What the exercise asks – Each line of data below must be printed exactly as written, with any pictures removed.

Exercise data Block Start

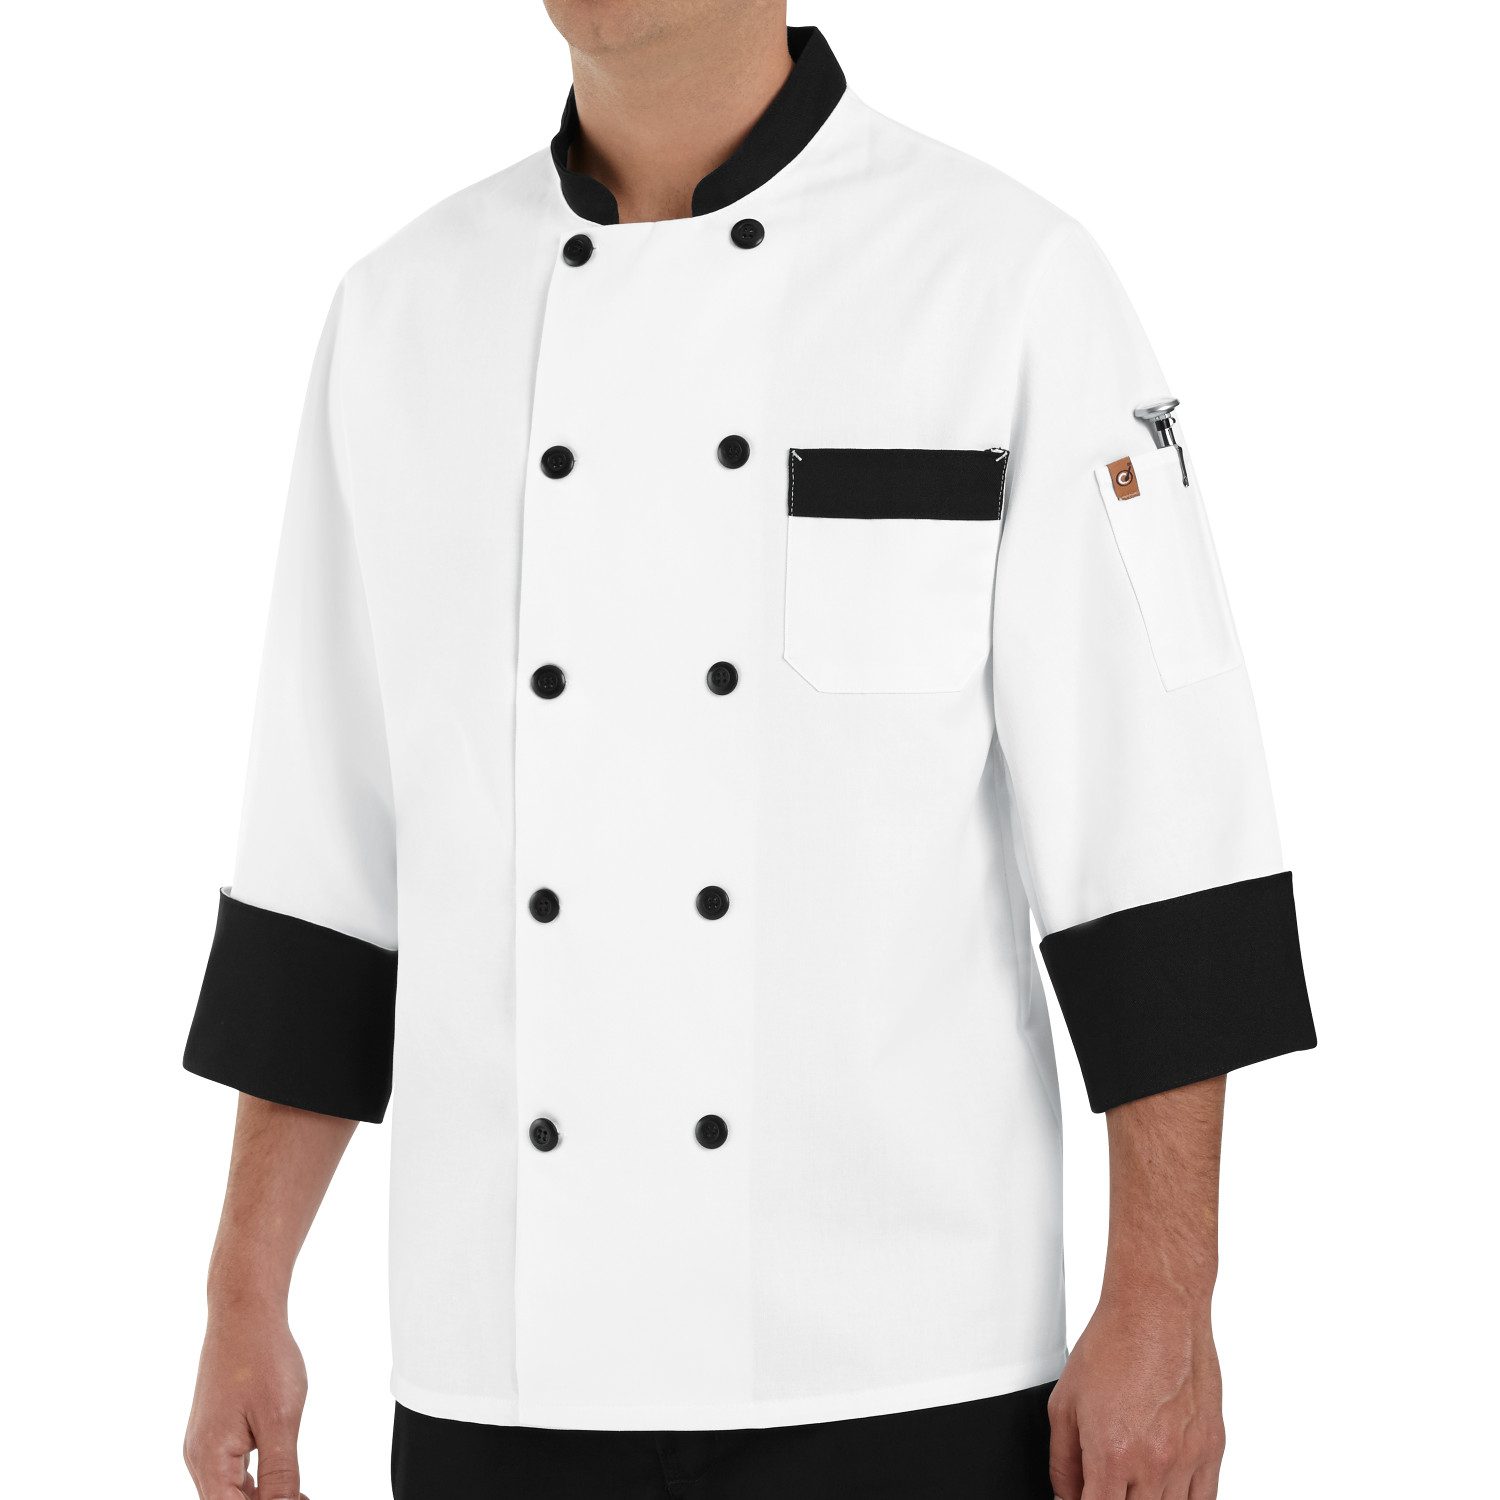 Garnish Chef Coat KT74BT
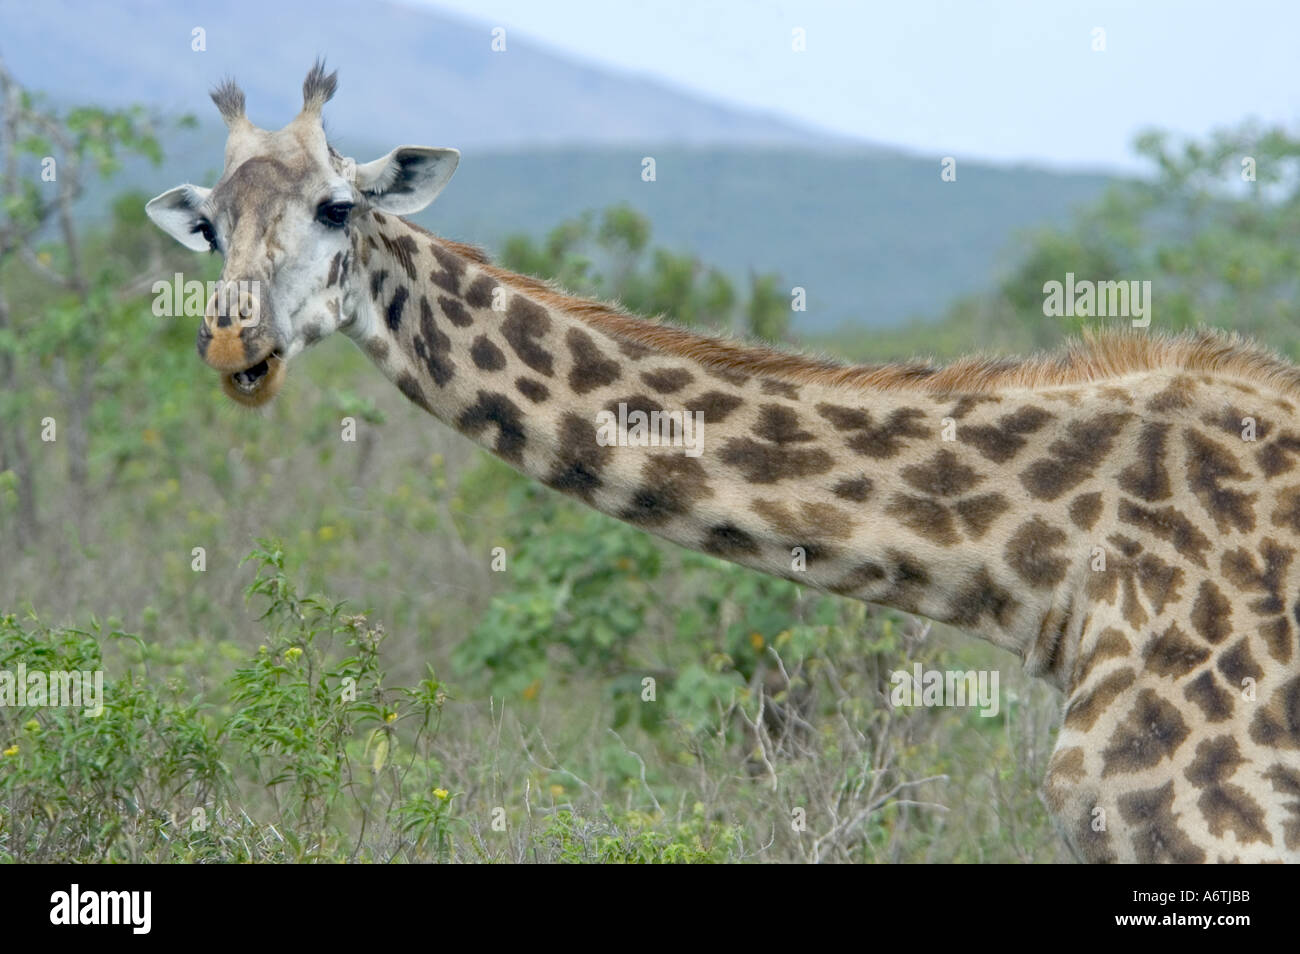 Giraffe Leaning, East Africa, Tanzania, Arusha National Park Stock Photo -  Alamy
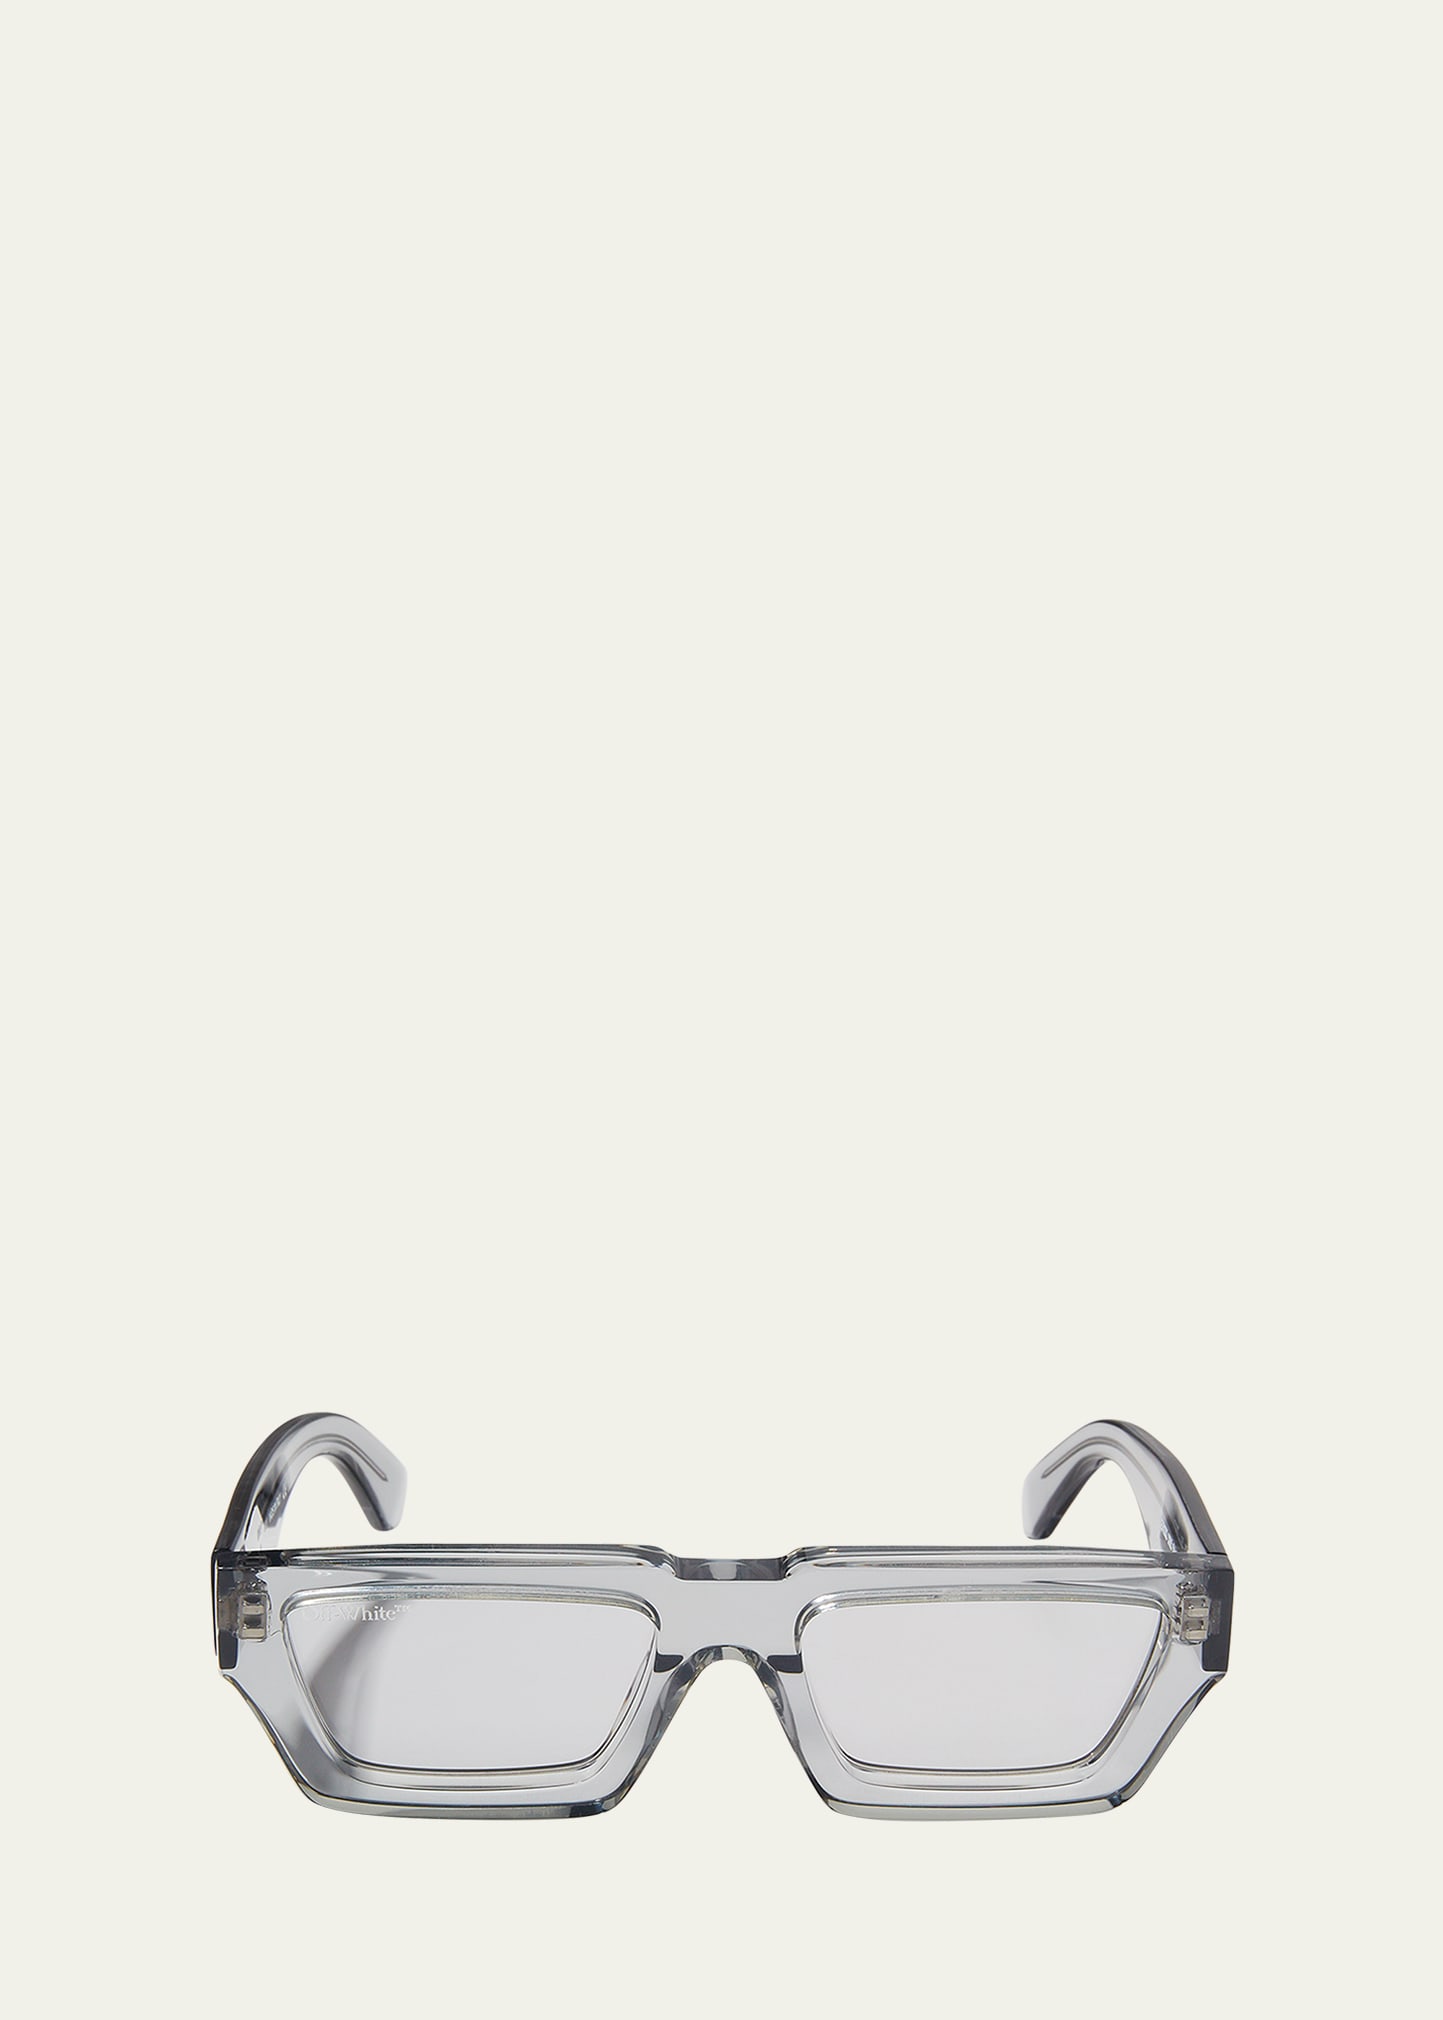 Louis Vuitton Men's Sunglasses for sale in Manchester, United

Exercise data Block End

Task result –
 Garnish Chef Coat KT74BT
 Giraffe Leaning, East Africa, Tanzania, Arusha National Park Stock Photo -  Alamy
 Louis Vuitton Men's Sunglasses for sale in Manchester, United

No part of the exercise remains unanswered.